There are two parts to katsdpcontroller: a master controller and a product controller. There is a single product controller per instantiated correlator. It is responsible for:

starting up the appropriate correlator components with suitable arguments, given a high-level description of the desired correlator configuration;
monitoring the health of those components;
registering them with Consul, so that infrastructure such as Prometheus can discover them;
proxying their katcp sensors, so that clients need only subscribe to sensors from the product controller rather than individual components;
in some cases, aggregating or renaming those sensors, to present a correlator-wide suite of sensors, without clients needing to know about the individual engines;
providing additional correlator-wide katcp sensors;
providing correlator-wide katcp requests, which are implemented by issuing similar but finer-grained requests to the individual engines.

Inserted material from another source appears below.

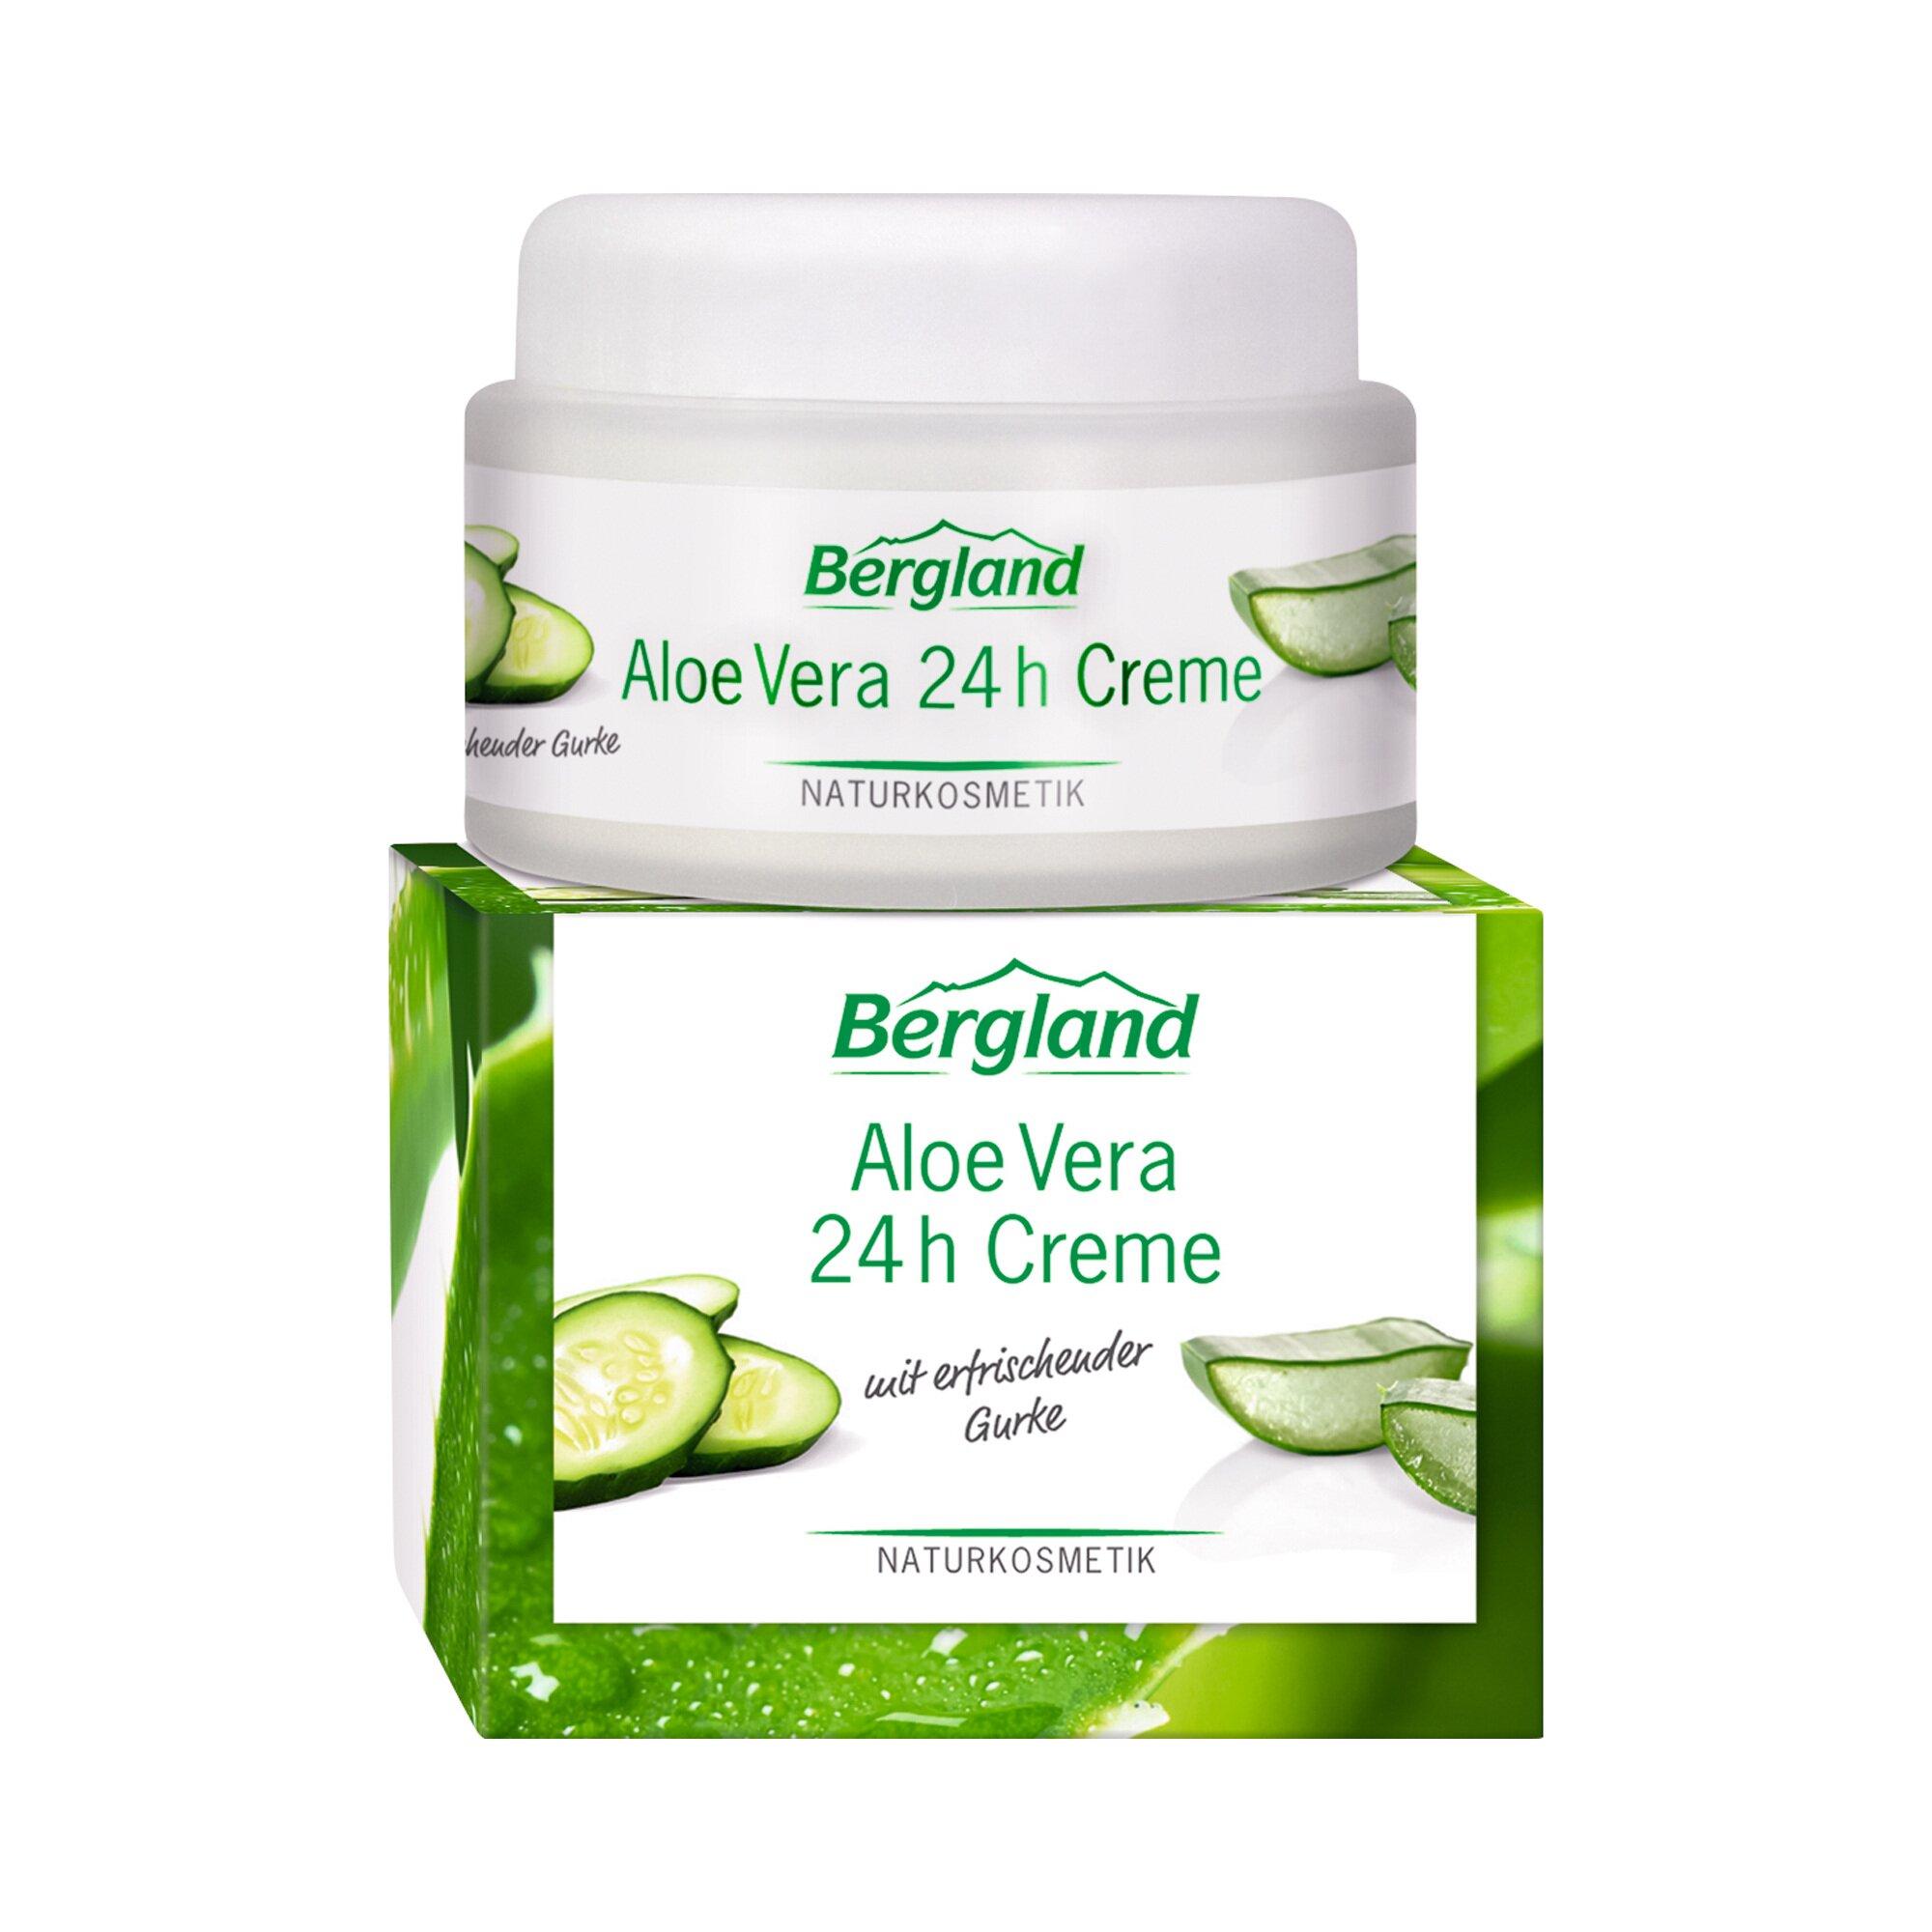 Image of Bergland Aloe Vera 24h Creme

The master controller manages product controllers (and hence correlators), starting them up and shutting them down on request from the user. In a system supporting subarrays, there will typically be a single master controller and zero or more product controllers at any one time.

It is worth noting that katsdpcontroller was originally written to control the MeerKAT Science Data Processor and later extended to control correlators, so it has a number of features, requests and sensors that are not relevant to correlators.

Starting the correlator

The katgpucbf repository comes with a scratch/ directory, under which you will find handy scripts for correlator and engine invocation. Granted, the layout and usage of these scripts is tailored to SARAO DSP’s internal lab development environment (e.g. host and interface names) and don’t necessarily go through the same reviewing rigour as the actual codebase. For these reasons, it is recommended that these scripts are used more as an example of how to run components of katgpucbf, rather than set-in-stone modi operandi.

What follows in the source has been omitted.